The premise of Paranoia is an intriguing mixture of Antitrust &Wall Street. Of the former it's use of close knit security checks, body scanners & thumb recognition locks to show how paranoid firms like this are about keeping their secrets under lock & key. While some ominous blacked out cars, stalking, reuse of extra's in the background, hidden cameras, hacking & tracking cell phones emphasizes that 'privacy is a myth' as one character states. Of the latter it uses the illegal temptation of short cutting it to the top with ambition & greed by dangling the good life infront of Adam as a carrot.

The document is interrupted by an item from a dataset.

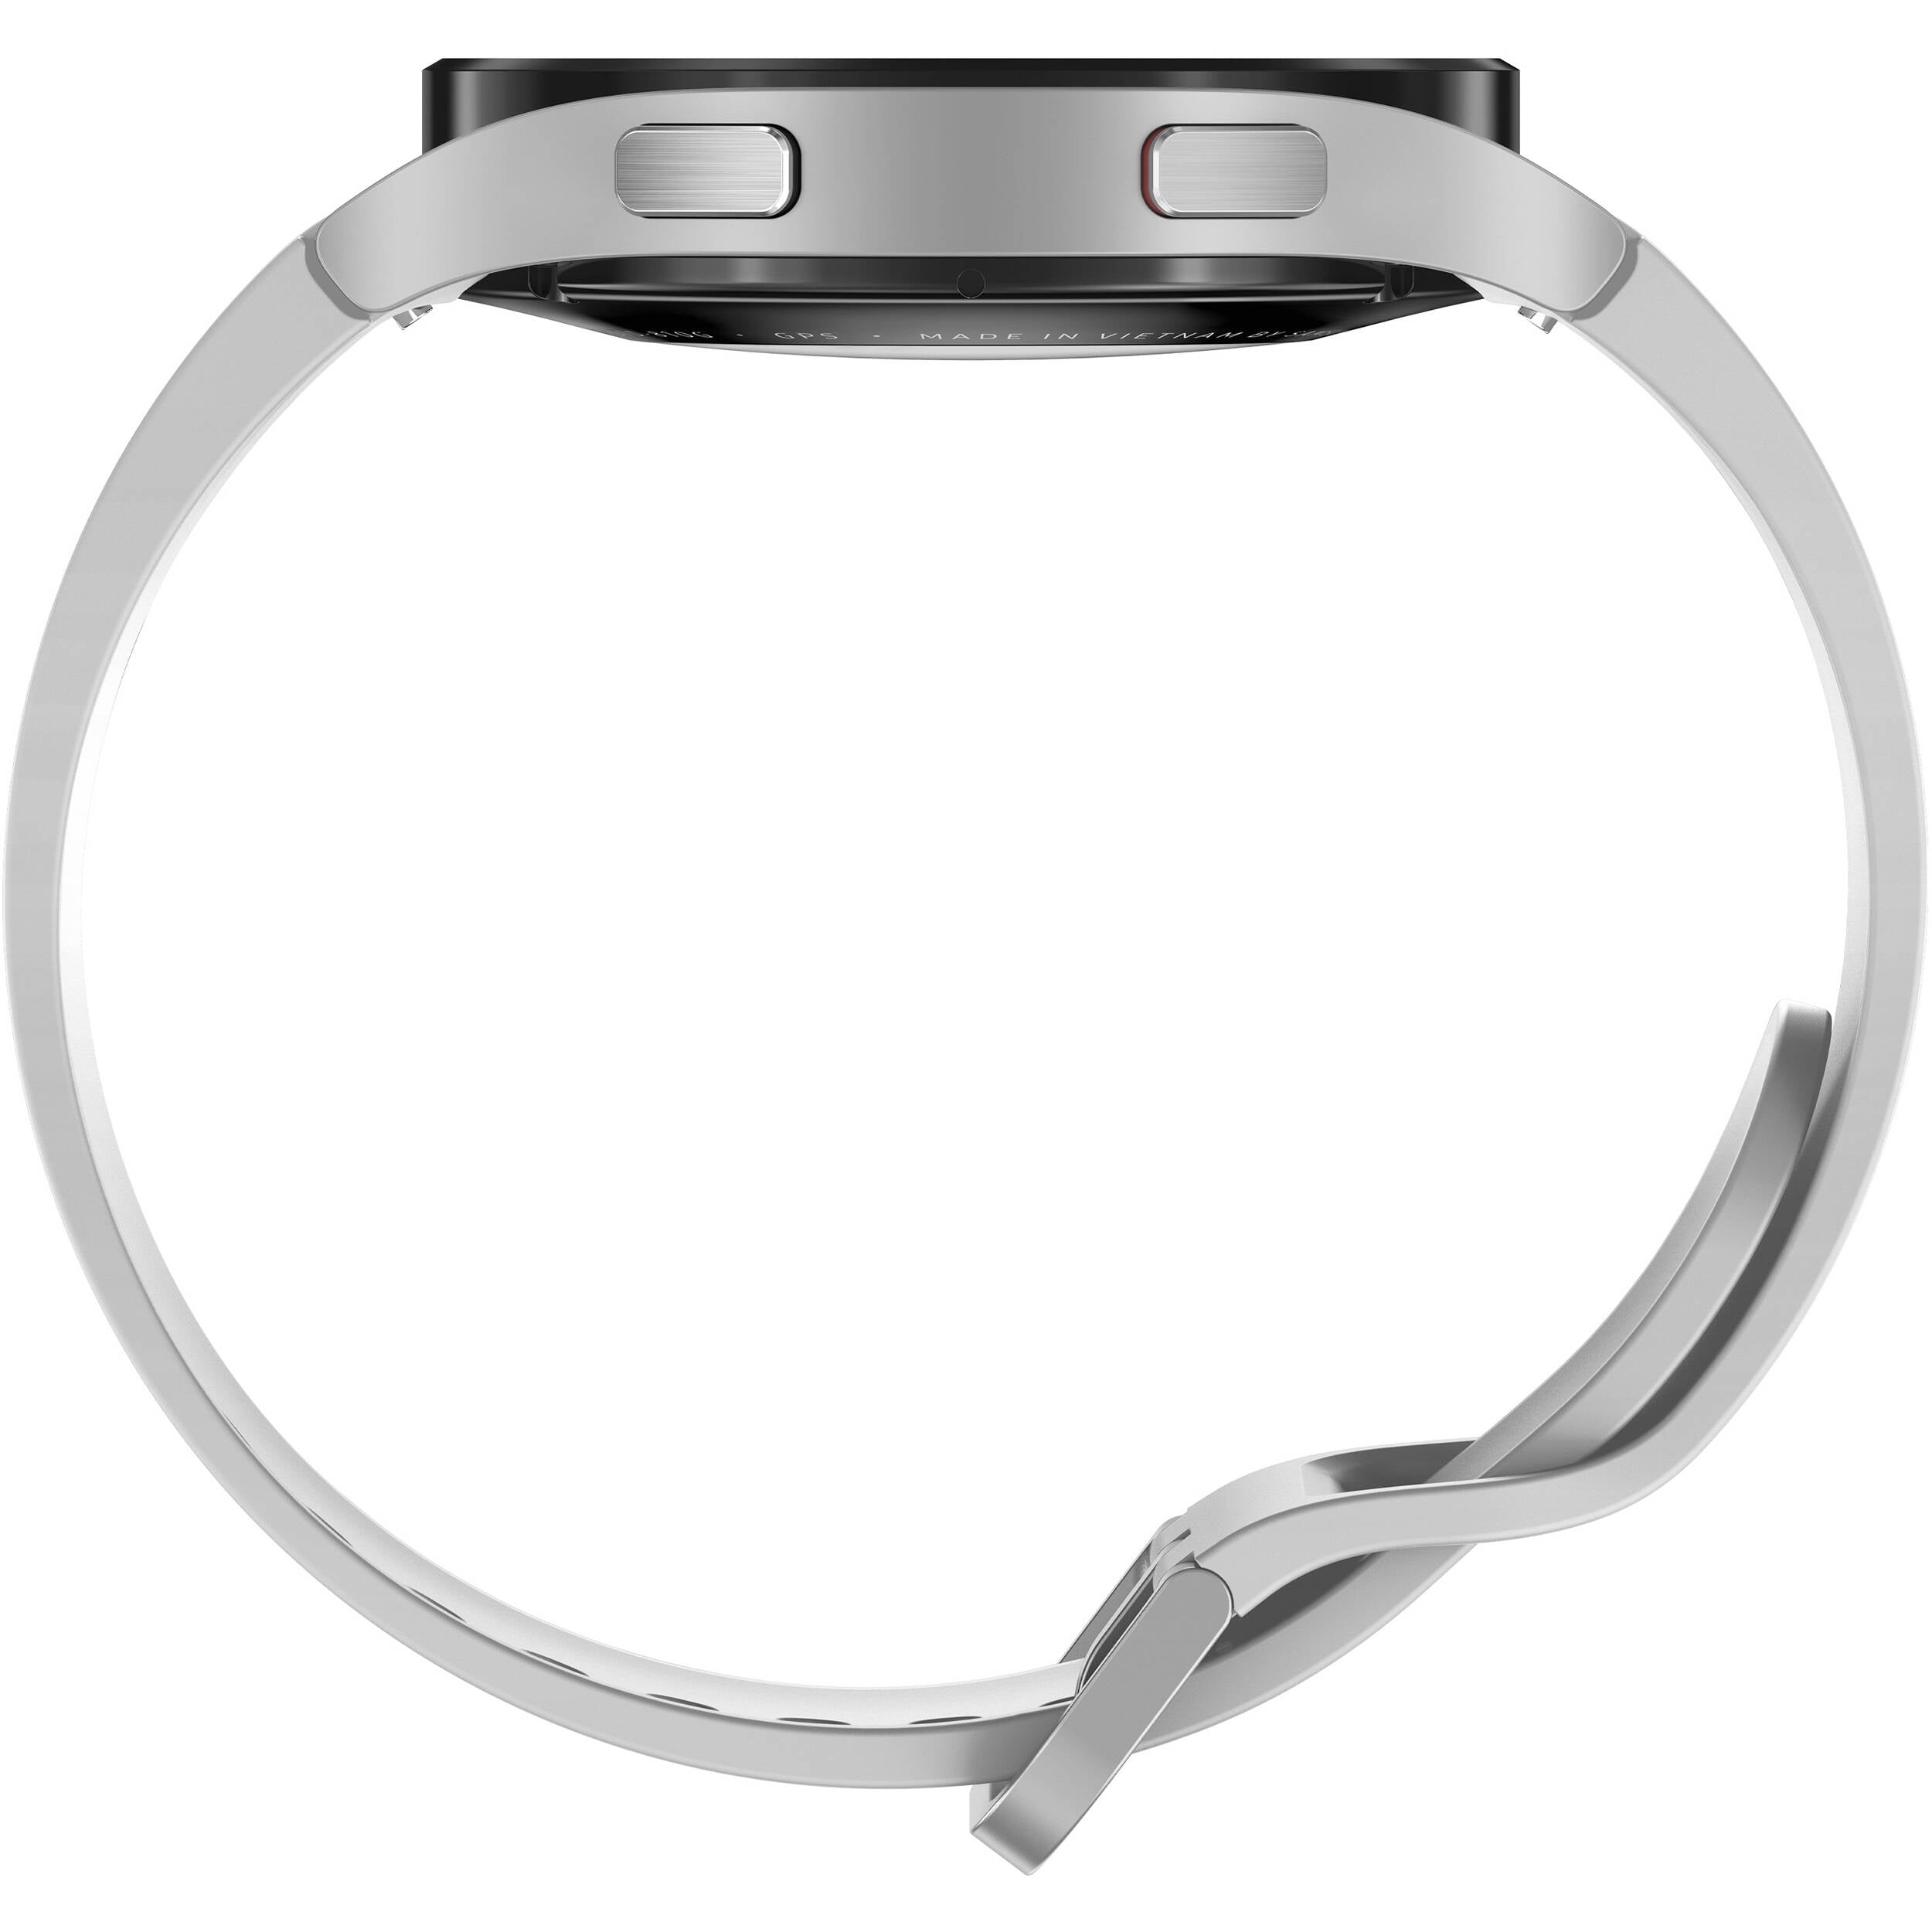 Samsung SM-R875UZSAXAA Galaxy Watch4 44mm 4G LTE Silver - Certified Refurbished
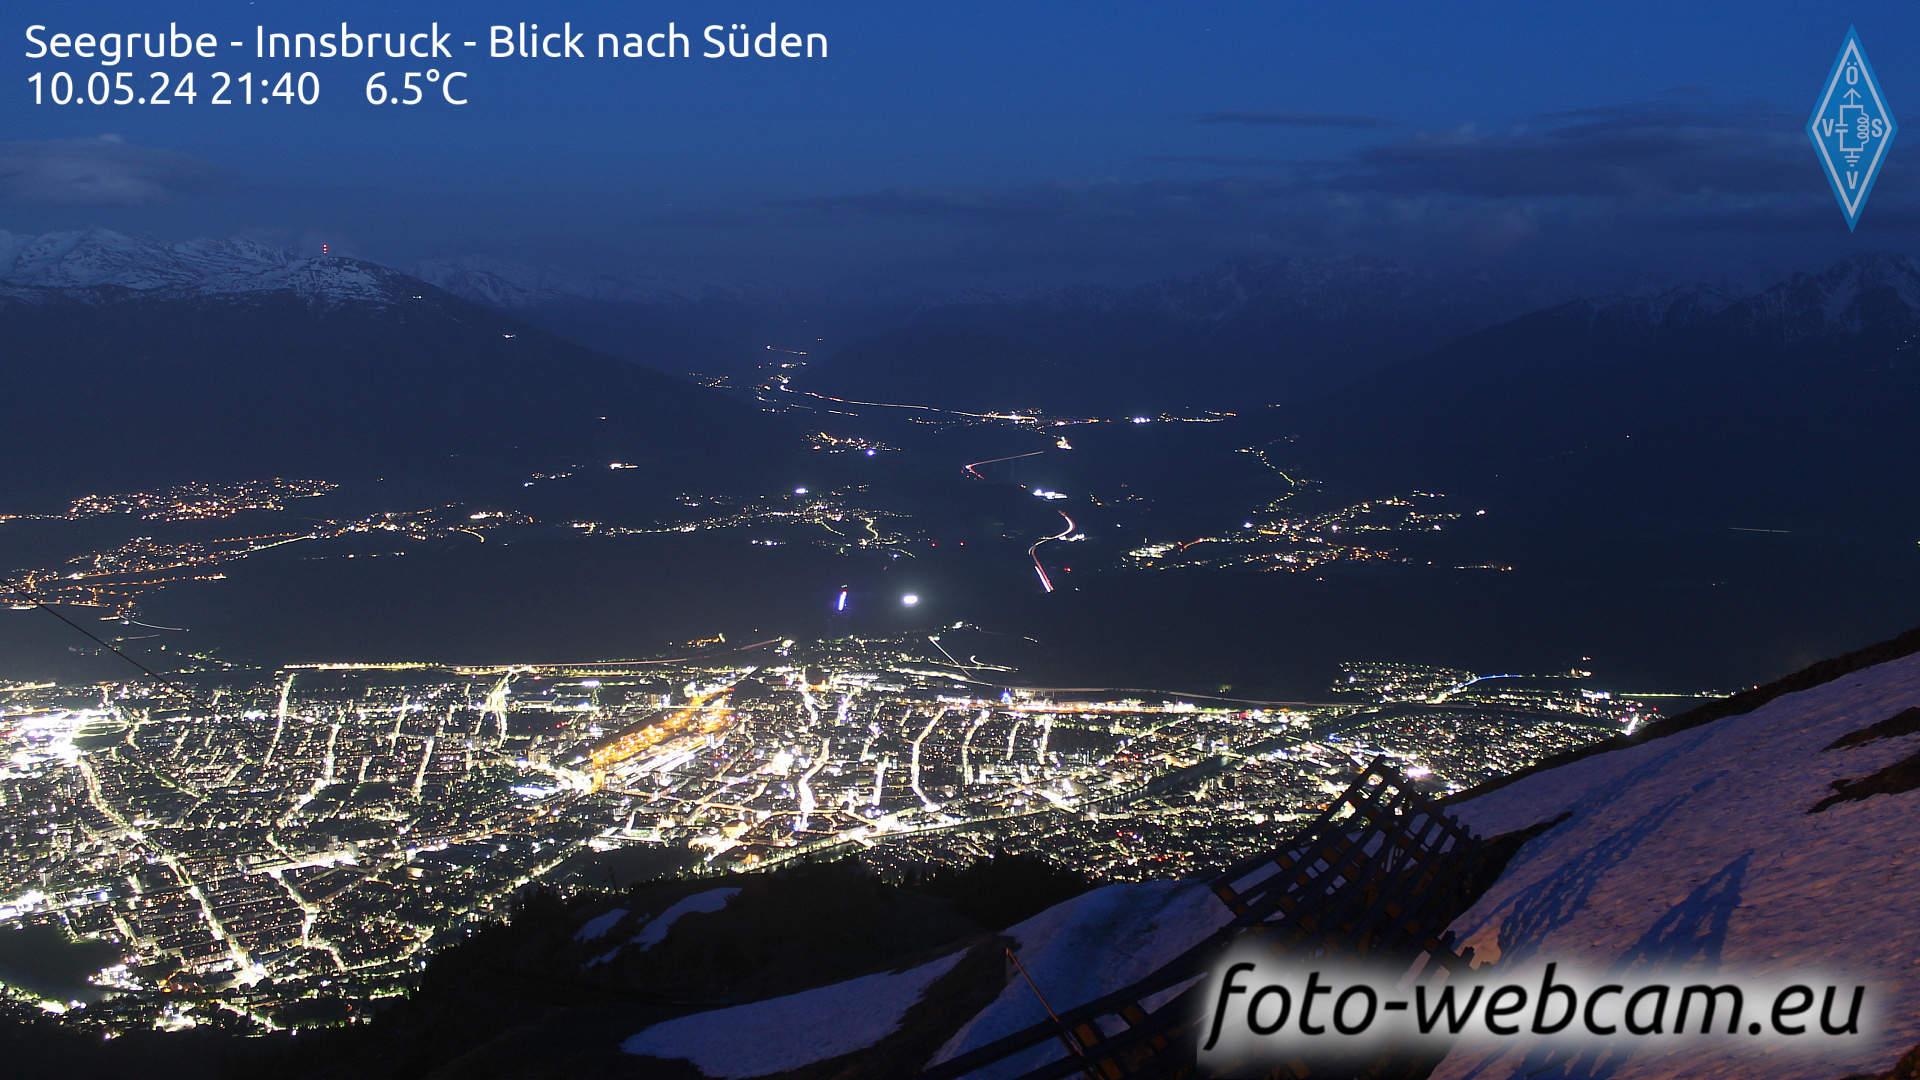 Innsbruck Di. 21:48

The first 50 minutes of the film is quite a lackluster run of the mill build up that could had done with better pacing to keep your interest. The ensuing 50 minutes in contrast redeem's itself a little with more pace & excitement, with a foot chase, plot twists & the suspense execution of infiltrating the oppositions vaults, as well as a couple of great face off's between Gary Oldman & Harrison Ford (the highlight of the film IMO), that see's Ford up his game exponentially with a classic powerhouse performance to match Oldman's. The cinematography from David Tattershall (Star Wars Ep. I, II & III) was very eye catching in places with skyscraper fly by's & neat little touches that impressed even if the content didn't. The music was chosen well, modern & was really likable.

The acting was a little patchy at times, but the old guard came to the rescue of the youthful cast. Liam Hemsworth's (The Hunger Games) performance was quite mixed, lacking a range in his acting abilities, only managing to convince when showing glimpses of humility, ably supported by his father played wonderfully by Richard Dreyfuss (Jaws) who made up for the lack of sympathy towards Liam's character, think Charlie/Martin Sheen in Wall Street. Gary Oldman (The Dark Knight) with a refreshing British accent in an American film, was very good as the brash, manipulative Wyatt. Equally up to the challenge when tasked, Harrison Ford (Indiana Jones) shaven headed in a memorable Steven Jobs (Apple) style, showed glimpses of his classic powerhouse abilities as Wyatt's old mentor Jock Goddard. Also co-stars Julian McMahon (Nip/Tuck) , Lucas Till (X-Men), Embeth Davidtz (The Amazing Spider-Man) & Amber Herd (Drive Angry).

In conclusion, Paranoia saved it's best for last in the final half of the film, it's just a shame that the first half wasn't anywhere near as compelling to sit through. Contains strong language, violence & sexual scenes. Worth a watch.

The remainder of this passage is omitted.